We're already starting to plan our next trip.


----------



## Lonnie in the mountains (Oct 5, 2009)

You are doing it right! Looks like a great time was had by all.
Great story!


----------



## produnker (Oct 5, 2009)

Great job DAD   Hope your son does well with his back. But I guess thats a no-brainer with you around to help.


----------



## Paymaster (Oct 6, 2009)

Great pics! I am a big time Red Top Mountain fan! My family camps there often. Most of my family will be there for Thanksgiving with about 7 RV's. We had 40-45 folks there for Thanksgiving last year.


----------



## earl (Oct 7, 2009)

It is said that those kind of days get added back on to your life. Good stuff !!


----------



## SmokyMtnSmoke (Oct 7, 2009)

Lonnie in the mountains said:


> You are doing it right! Looks like a great time was had by all.
> Great story!



Ditto!


----------



## injun joe (Oct 7, 2009)

Bruce , that is awesome. When I was 10 or so, my dad did some tree work for a fella that he worked with at the Phone Co, and the guy gave him a '66 Apache for it. The canvas was shot and we had to drag a big tarp over it every time we used it. Our favorites places were Winfield Scott and Hard Labor Creek. We took a trip to Wash. D.C. in it (all 5 of us). It was hilarious.We stopped to camp at a fancy campground near Arlington and Dad made us wait till dark to set up the Apache. Thanks for the memories.


----------



## bruceg (Oct 9, 2009)

Injun Joe - that is cool! There is still a group of people that enjoy old Apache campers. One of the forums is apachepopups.net    - the For Sale section has new posts daily  from Apache enthusiasts scouring e-bay and Craigslist or posting their own.

Mine only cost $305 bucks.
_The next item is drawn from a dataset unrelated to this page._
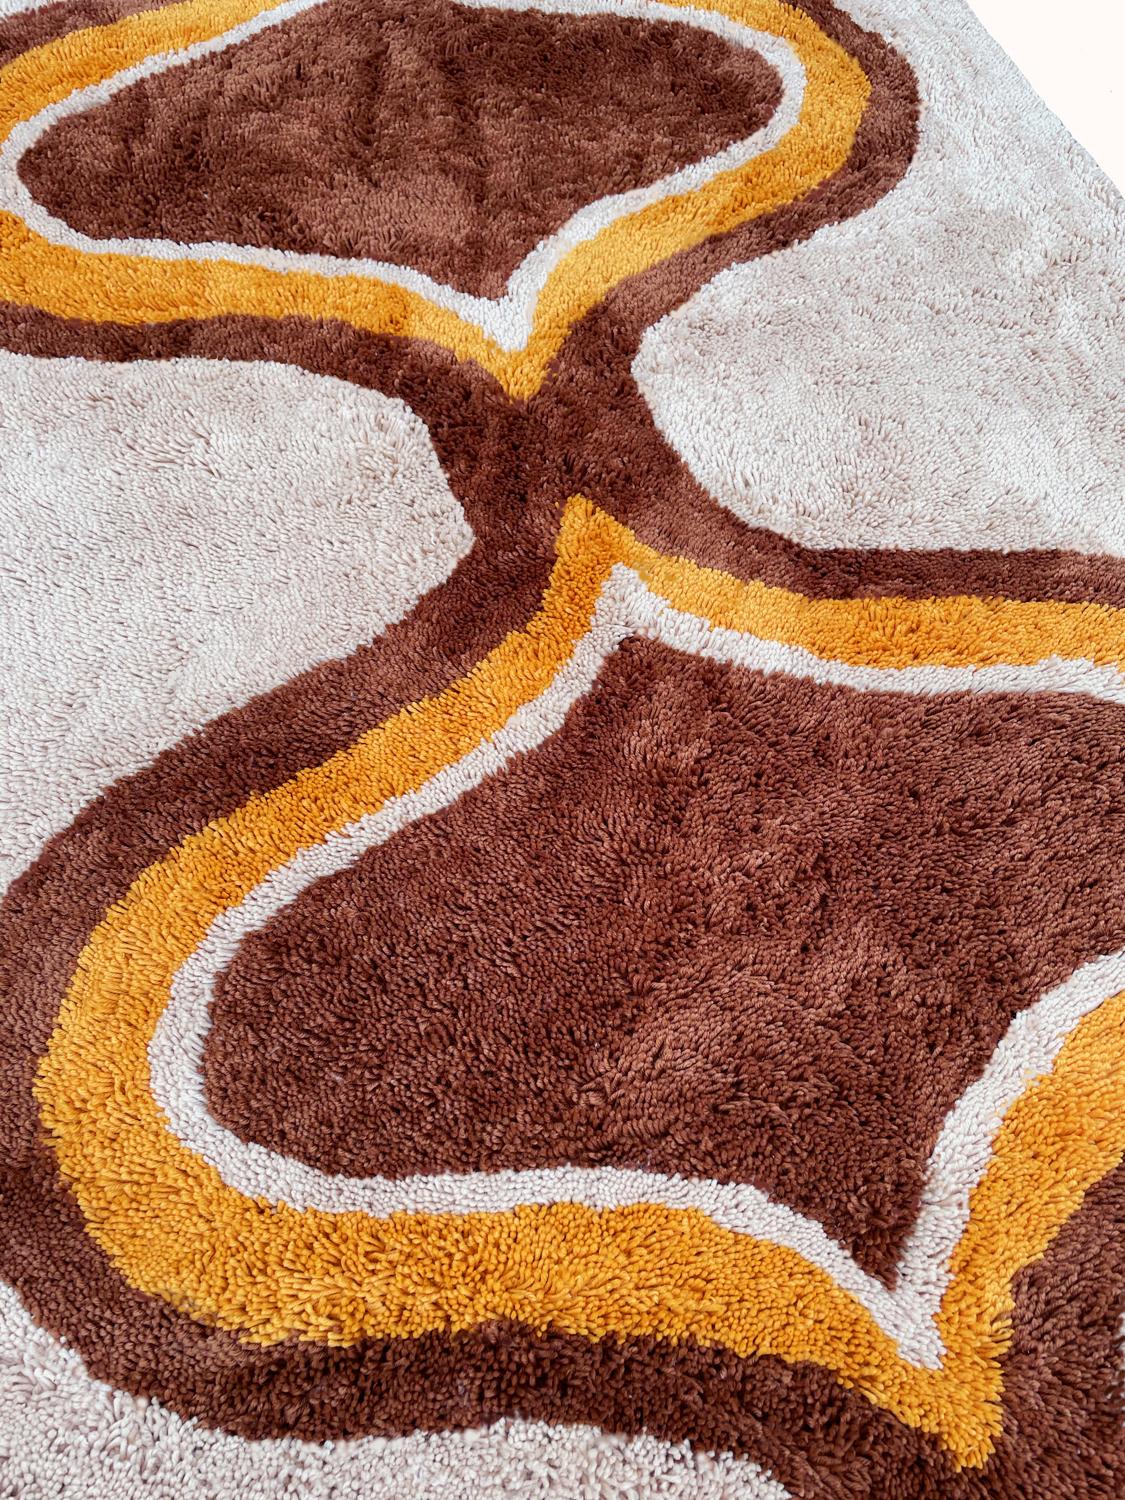 danish modern rugs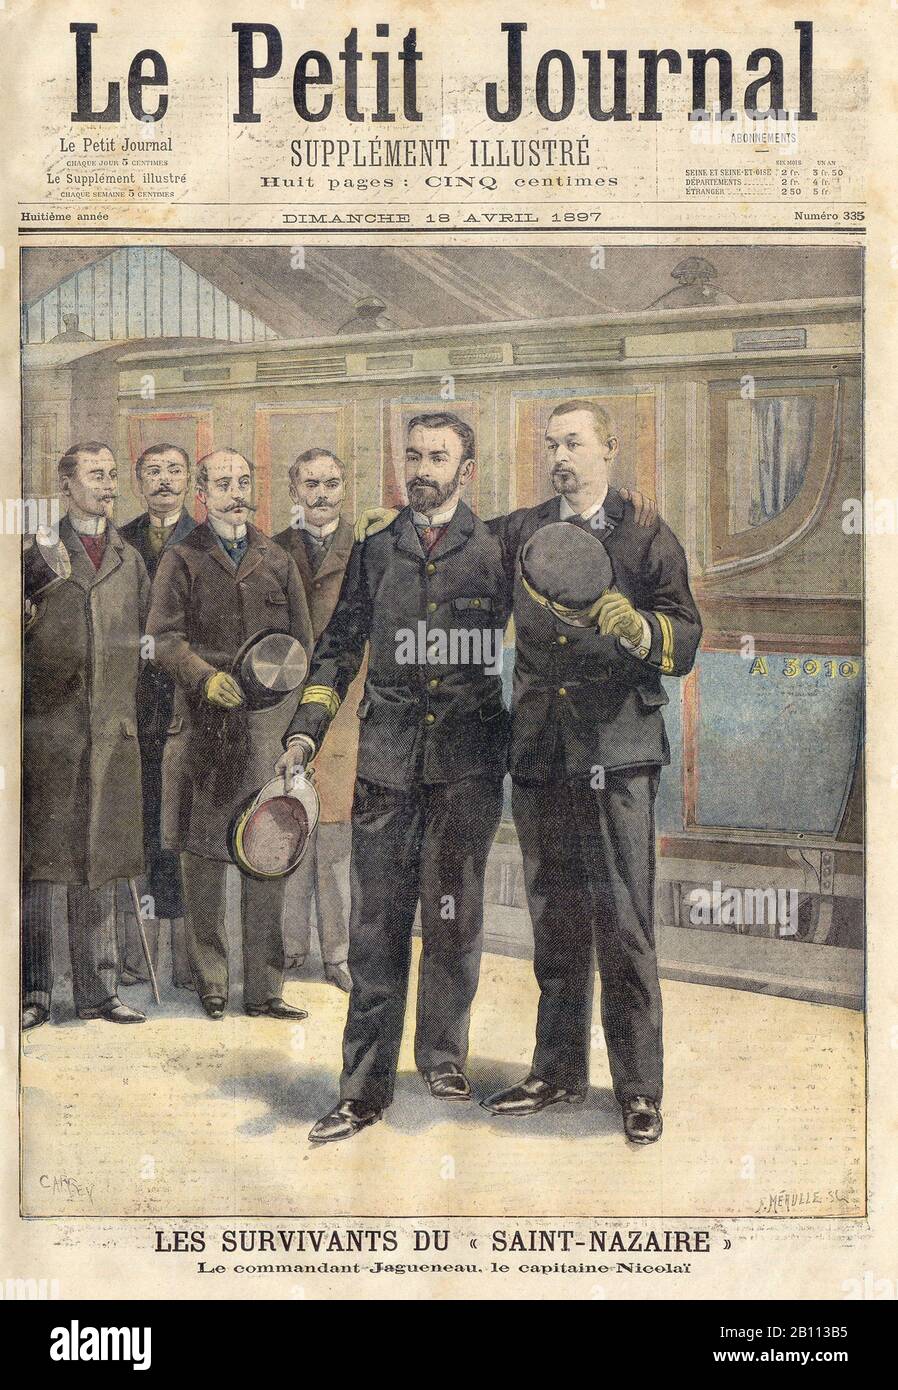 LES SURVIVANTS DU « SAINT-NAZAIRE  - THE SURVIVORS OF THE 'SAINT-NAZAIRE - In 'Le Petit Journal' French Illustrated newspaper - 1897 Stock Photo

Then another $350 to get the canvas repaired, screens replaced and new zippers for the screens. Also got seams repaired. 

Not a bad amount to get me and my son up off the ground and back to camping again. 

I really like the Eagle. It is simply a box with 2 beds and a canvas tent. No sink. No stove. No fancy stuff. Some day in the future I might consider looking for a hardsided Mesa, but for now the softsided Eagle does me just fine.


----------